2 cheap industrial stocks to buy now and never sell
The financial performance of industrial companies has a history of rising and falling with the economy in general, which makes them cyclical. As you might expect, the stock performance of these companies reacts to financial performance, which means that areas of economic weakness often lead to investment opportunities.
Two manufacturers that seem cheap today are Stanley Black & Decker (SWK -1.05%) and Rockwell Automation (ROK -2.32%). Here’s what you need to know about these two stocks.
1. Stanley Black & Decker: The problem with short cycle products
Stanley Black & Decker is best known for the tools it makes and sells. This business is strongly tied to consumers, with around 30% of the company’s sales coming from just two major hardware stores in 2021. Manufacturing consumer-grade tools isn’t the only thing it does by far, because it also makes high quality products. technical fasteners, but tools are a much bigger business. So when consumers are in a funk, Stanley Black & Decker sales can quickly run out of steam. So far this year, it has lowered its adjusted annual earnings forecast from $12 to $12.50 per share to a range of just $5 to $6 per share.
The fact is that consumers tend to change their buying habits faster than businesses, which is why Stanley Black & Decker is said to be more exposed to short cycles. When things start to improve, the company will likely benefit faster than many of its industry peers. So the roughly 50% drop in the stock so far in 2022 is likely a buying opportunity for long-term investors.
To be fair, the company has a lot of work to do, so the stock price could drop further before recovering. But it’s better to be about right than to miss the opportunity to wait for the perfect entry point. Still, you’ll want to monitor how management is handling supply chain issues, fighting inflation, and pushing through price increases. All are going to be vital as he looks to restore margins and improve profits. If history is any guide, management will pull through, and in the meantime, you can see a historically generous dividend yield of 3.5%.

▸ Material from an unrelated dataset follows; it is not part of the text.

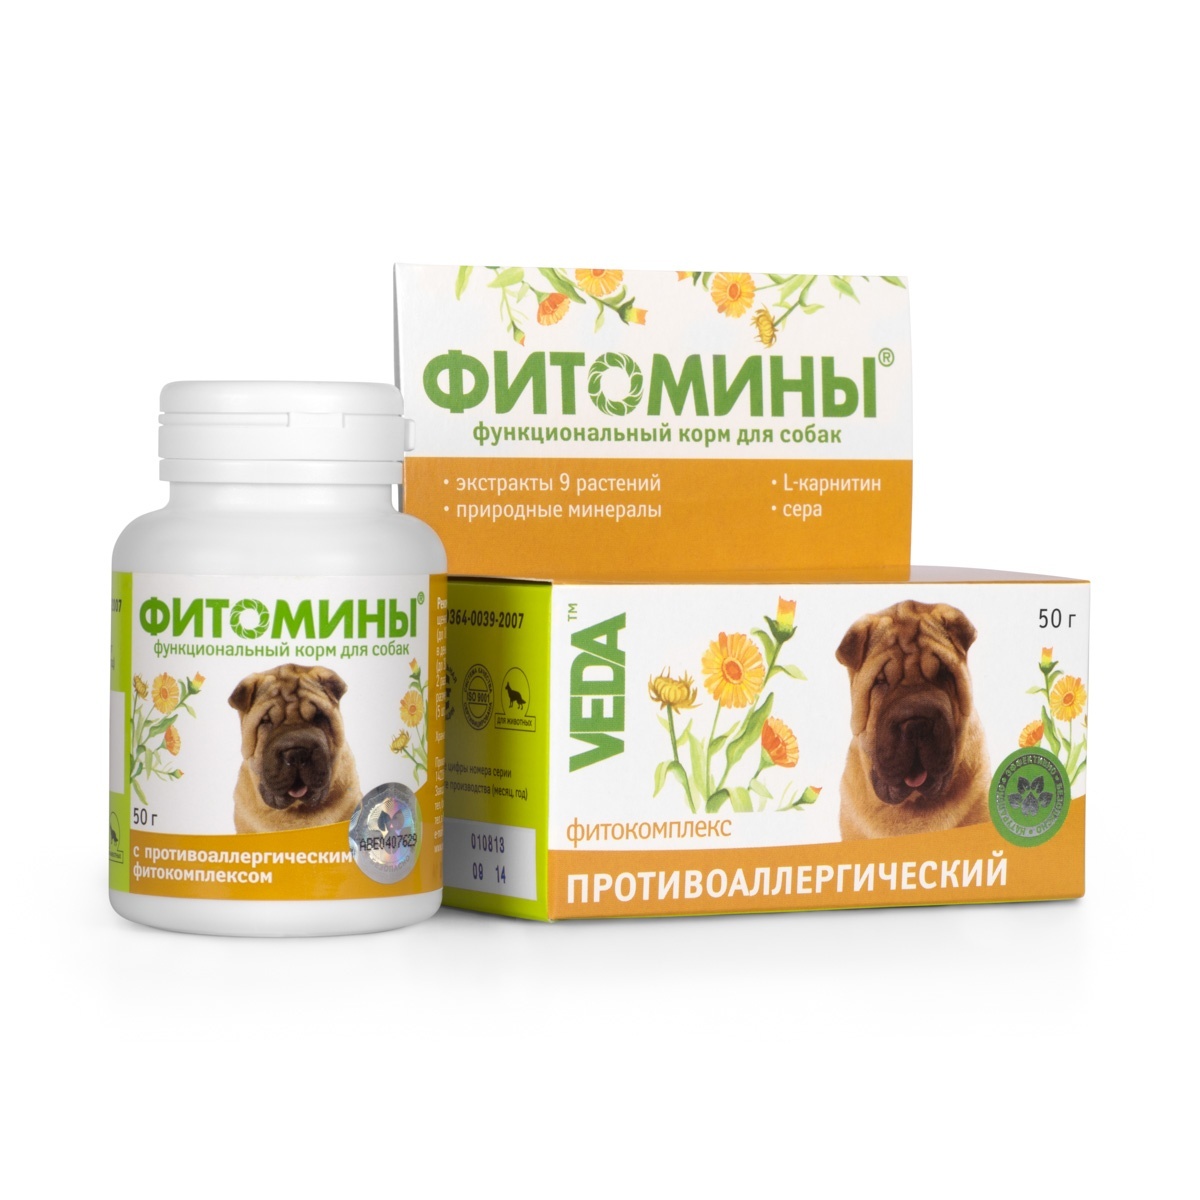 Веда Веда фитомины от аллергии для собак, 100 таб. (50 г) функционнальный корм веда фитомины для собак с очистительным фитокомплексом 50 гр 100 таб
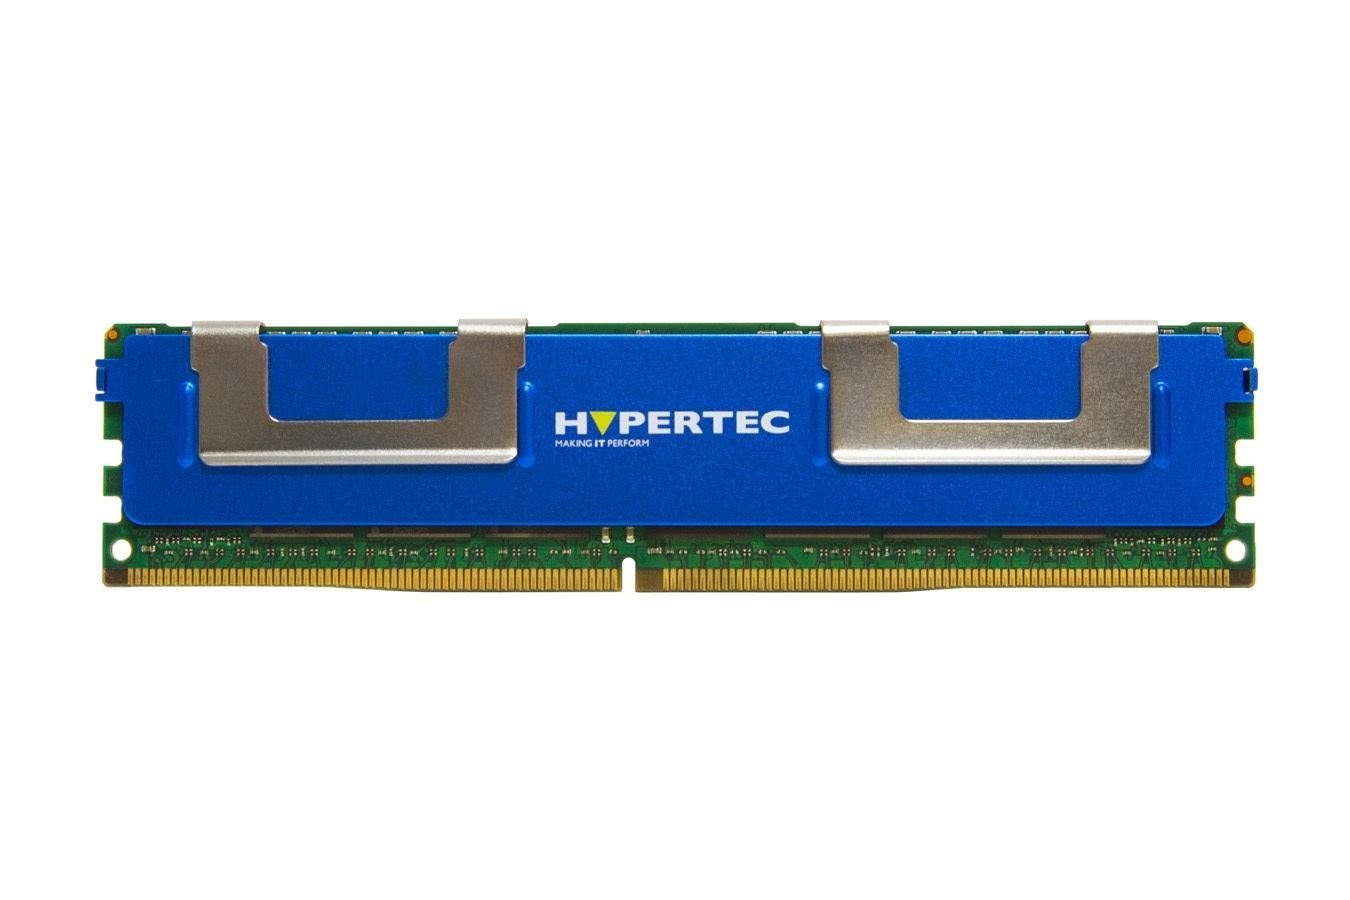 Hypertec 0A89412-Hy Memory Module 8 GB DDR3 1333 MHz Ecc (A Lenovo Equivalent 8 GB Dual Rank - Registered Ecc DDR3 Sdram - Dimm 240-Pin 1333 MHz [ PC3-10600 ]Legacy [1Year Warranty])

2. Rockwell Automation: still in high demand
Rockwell Automation is a more typical industrial company, selling products and services directly to other companies. As the name suggests, it helps other businesses automate their business. It is usually, by its nature, a money-saving effort, which means that economic downturns are negative for the business in a sense, but also a business opportunity, as potential customers pass in cost-cutting mode. Rockwell Automation stock is down about 25% so far in 2022.
But there are two different things taking shape right now. For one thing, Rockwell Automation is seeing pretty strong demand. In fact, in the fiscal third quarter earnings release, management pointed out that its backlog of work to be performed was at historically high levels. This suggests that business is very strong. But, at the same time, management faces significant supply chain issues. This limits its ability to complete work and hinders sales and revenue.
And yet, even though the company has cut its fiscal 2022 sales forecast, it still expects to see a year-over-year increase of between 10.5% and 12.5%. It’s a little less than expected, but it’s hard to complain. Adjusted earnings per share, meanwhile, were $9.43 in fiscal 2021 and are now expected to fall between $9.30 and $9.70 in 2022. This is not a business which suddenly collapses so badly that investors should run for the hills.
If history is any guide, Rockwell Automation will competently handle today’s headwinds. And you can perceive its modest yield of 1.75% while you wait. Don’t get too caught up in that small dividend yield, though; the dividend has increased by an impressive 10% per year, on average, over the past decade.
The key with Rockwell Automation and Stanley Black & Decker is that investors currently have the opportunity to buy strong, historically well-run companies after massive sell-offs. If you buy and hold, perhaps for the rest of your life, chances are you’ll end up with a pair of winners here.